Dear all
I am sad to have to join your community, but there seems to be a lot of help and support here so I was wondering if I could benefit from some of your experience.
My 75 year old father was initially was diagnosed in December following a PSA of 57 with locally advanced cancer into a lymph node. With a PSA that high, we were expecting metastasis and unfortunately a PSMA PET scan has confirmed that the cancer has spread to the abdominal lymph nodes. There is no (visible) bone spread which is good news. His Gleeson score is 9. He is otherwise healthy, no other medication and no co-morbidities.
He has been on HT for about 4 months (we have not had a PSA test since to see how this is working) and seems to be doing OK, the fatigue being the only side effect to date.
His consultant has suggested combining the HT with darolutimide. I am obviously extremely grateful that such a new treatment is available to him, and I understand there is great hope with it in extending life expectancy whilst minimising side effects.
At this stage, the consultant is reluctant to recommend chemo as part of triplet therapy. I think this is because of my father’s age and weighing up quality of life with life extension, particularly considering he is already 75.

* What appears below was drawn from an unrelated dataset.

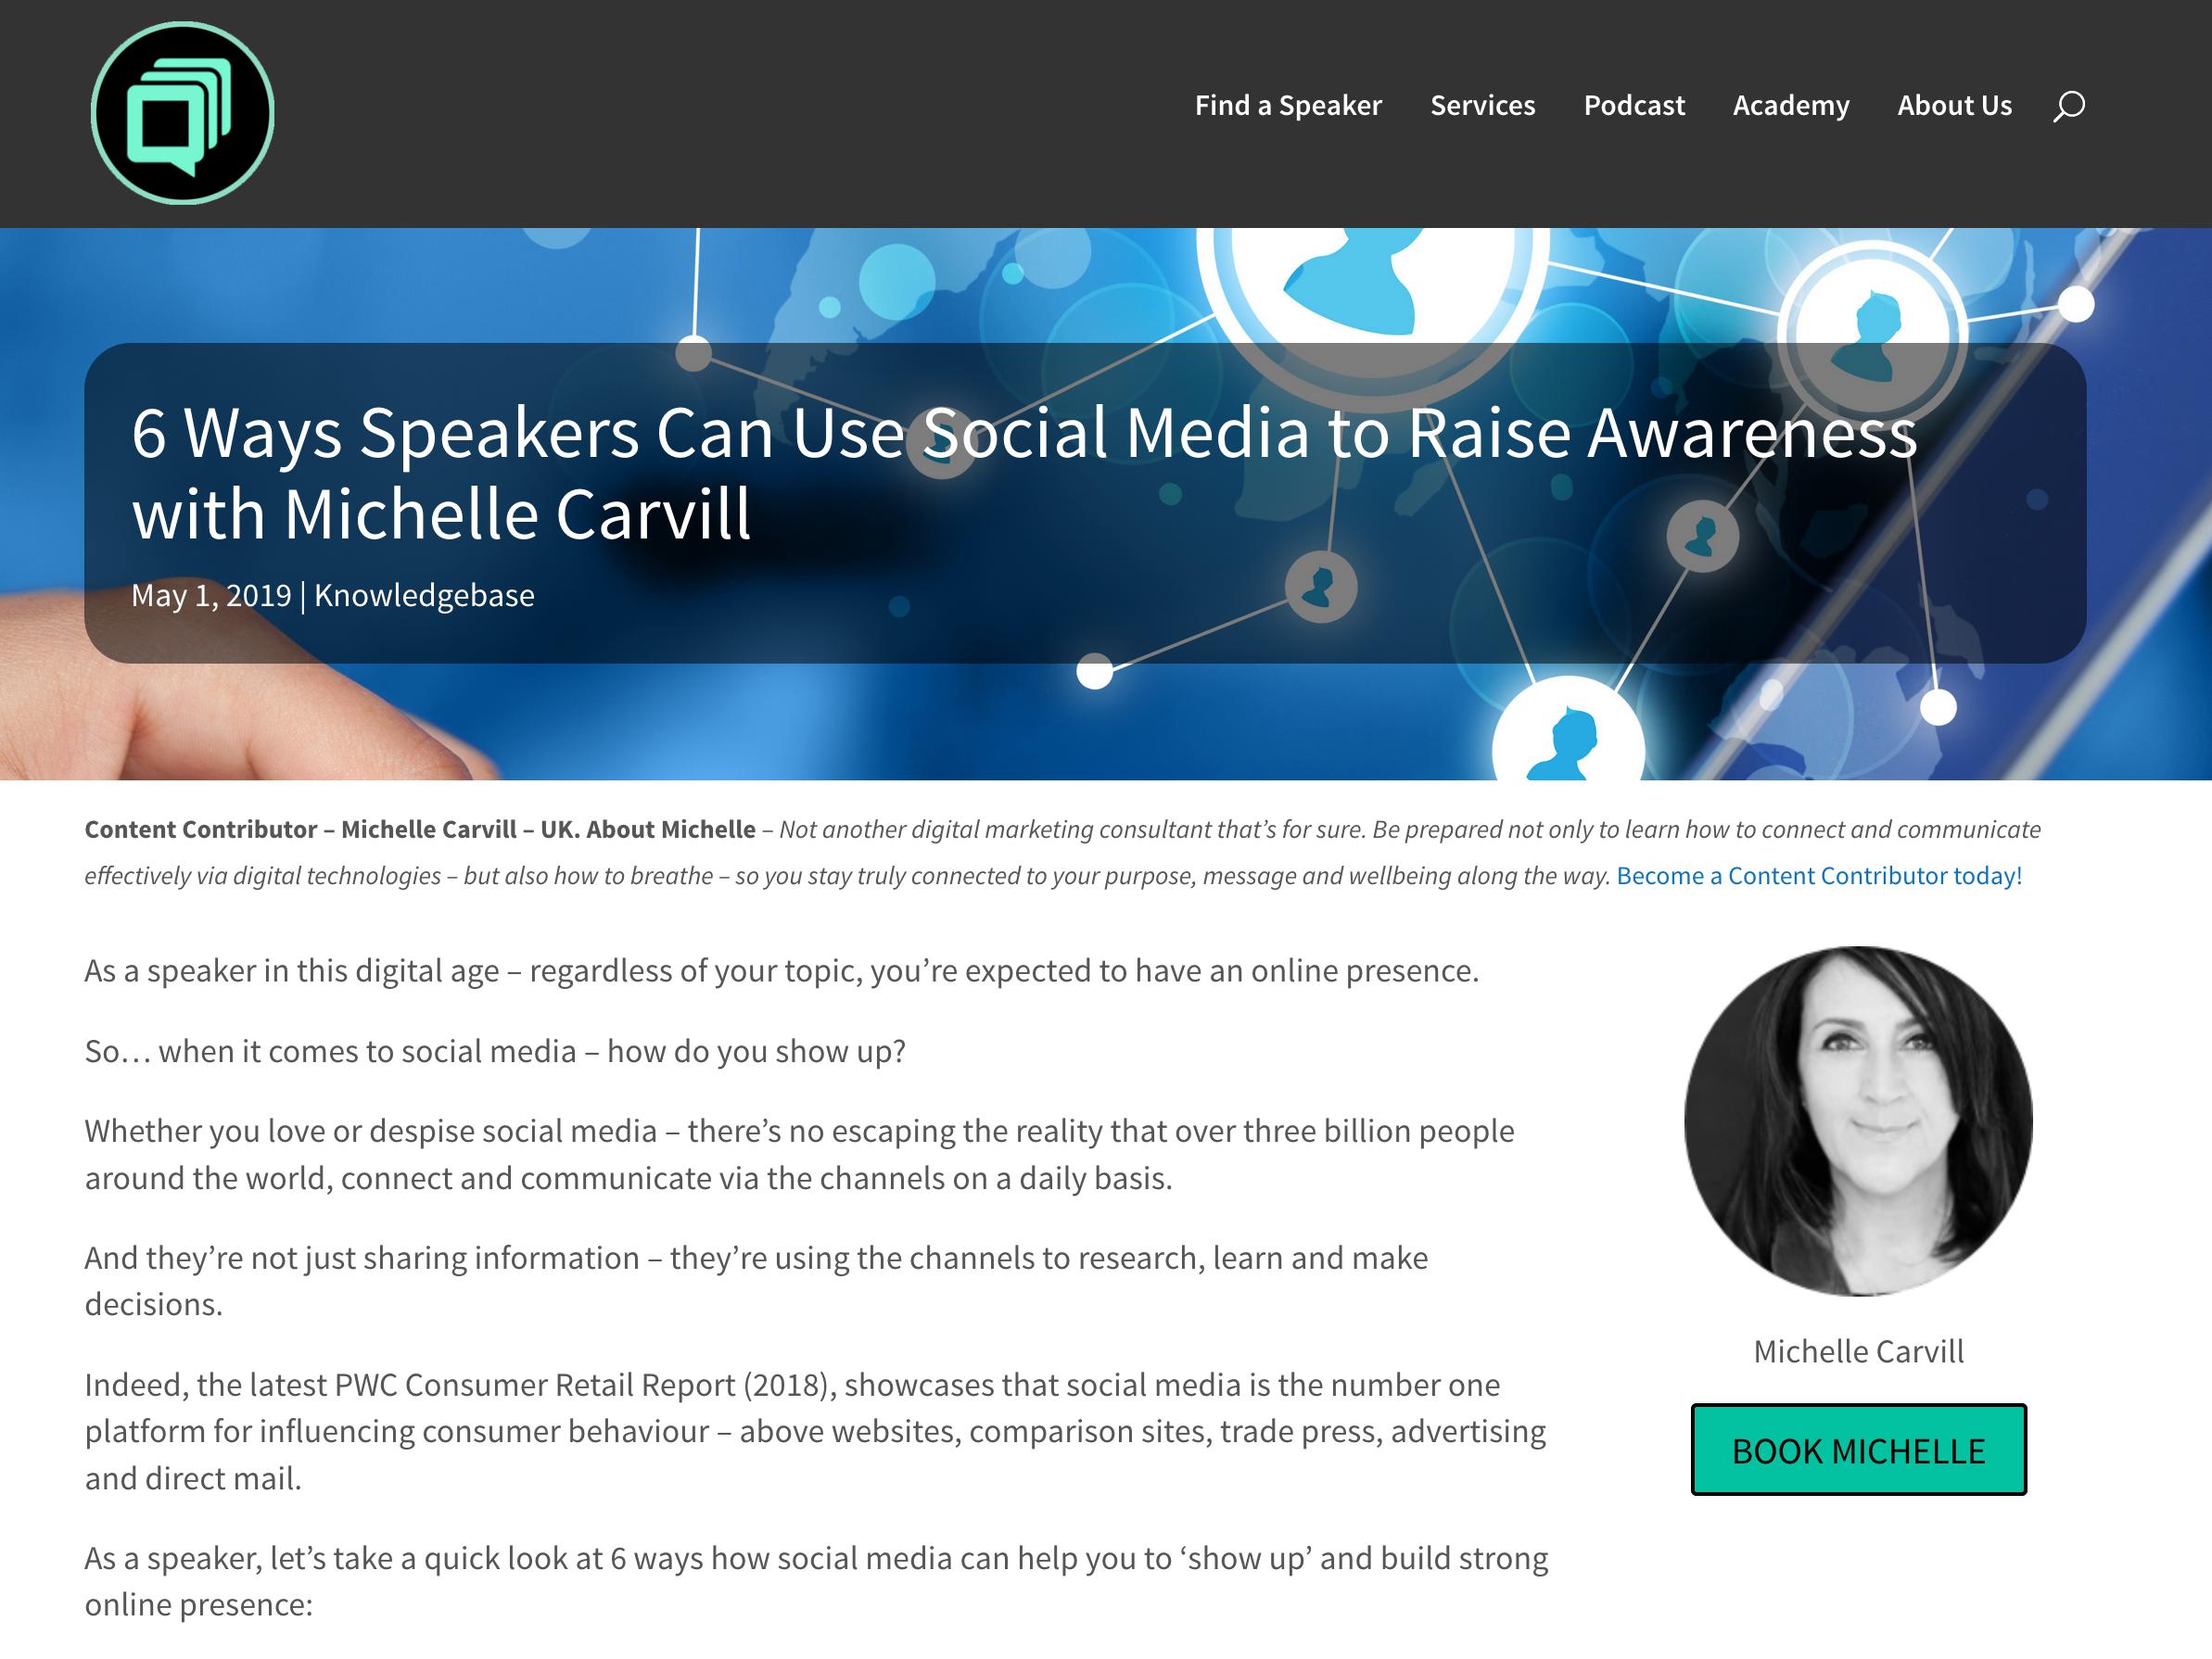 Press — Michelle Carvill
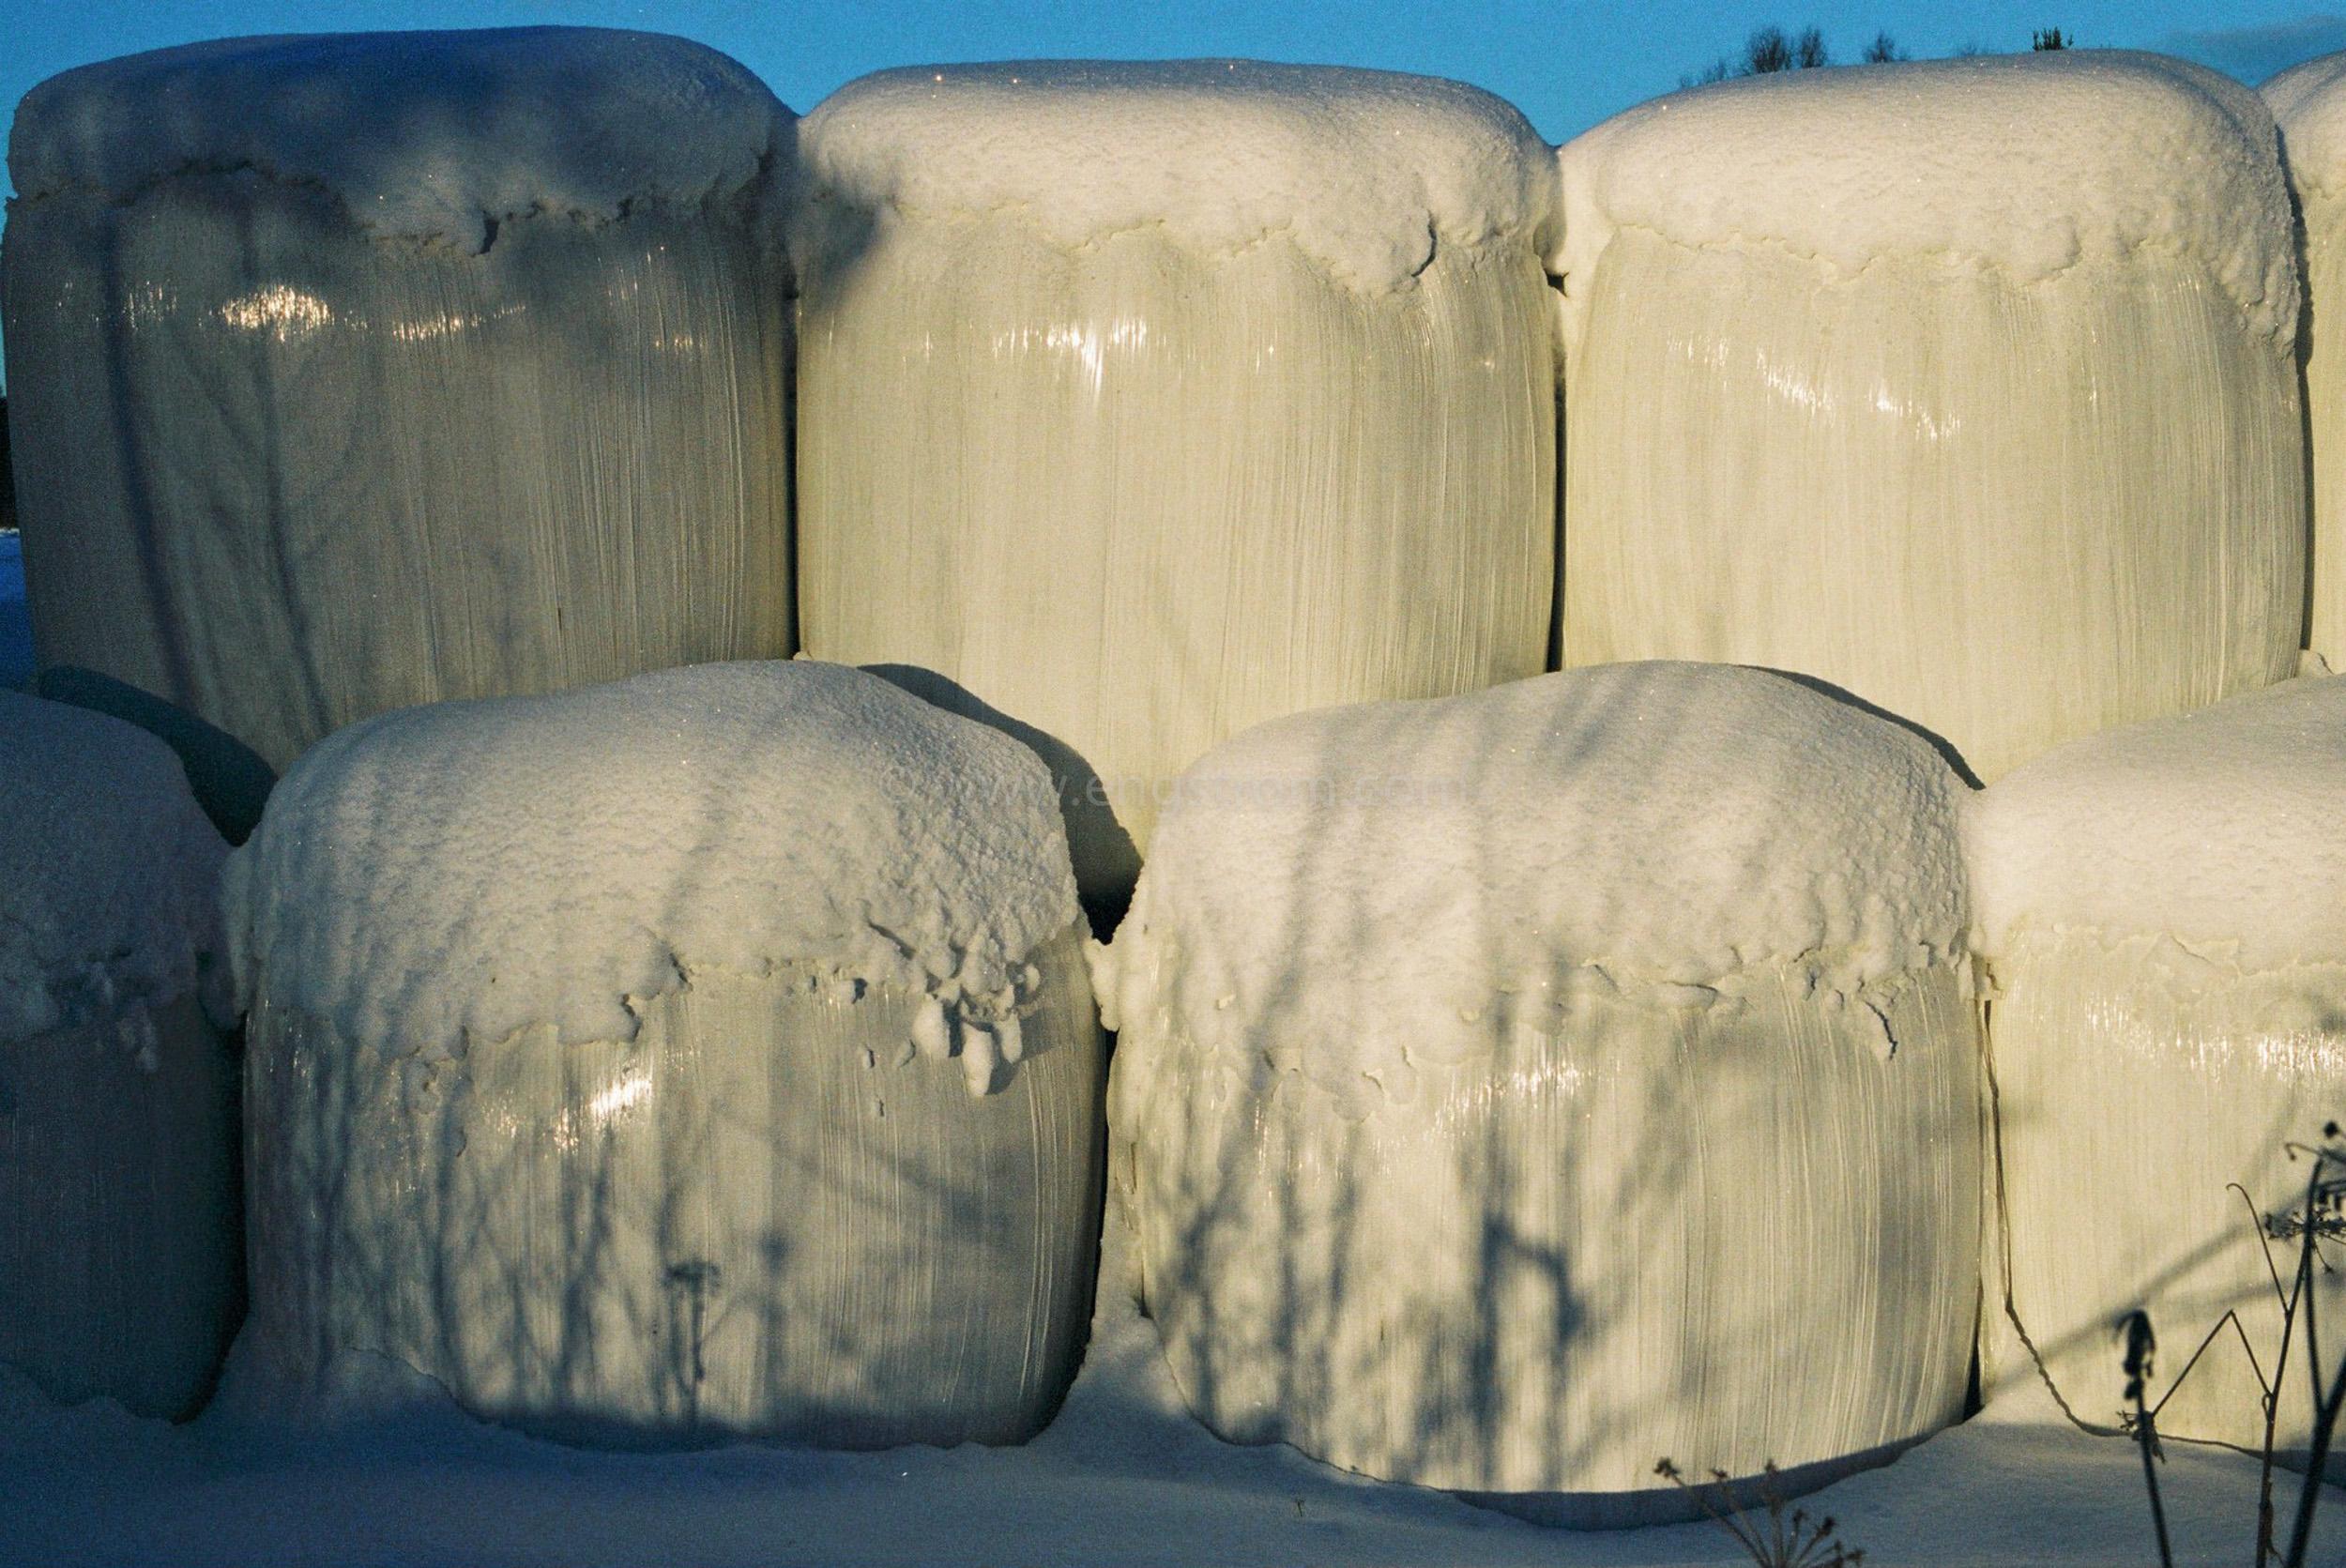 JE0400_045, Ensilagebalar på vintern. Hälsingland vintern 2004, Jonas Engström

He is also not willing to do RT, which I am struggling to understand. I understand that he cannot get to the abdominal lymph nodes, and that RT would not offer a curative option, but I have read on here several tales of men being offered RT despite metastasised cancer. Is anyone able to shed any light on why this might be?
I am trying my best to support my parents, whilst obviously trying not to interfere too much.
Any thoughts or experiences would be extremely helpful – particularly any tales of hope, which I know my family would find very comforting. We are very aware that there are no guarantees with this illness, but hope is always to be welcomed.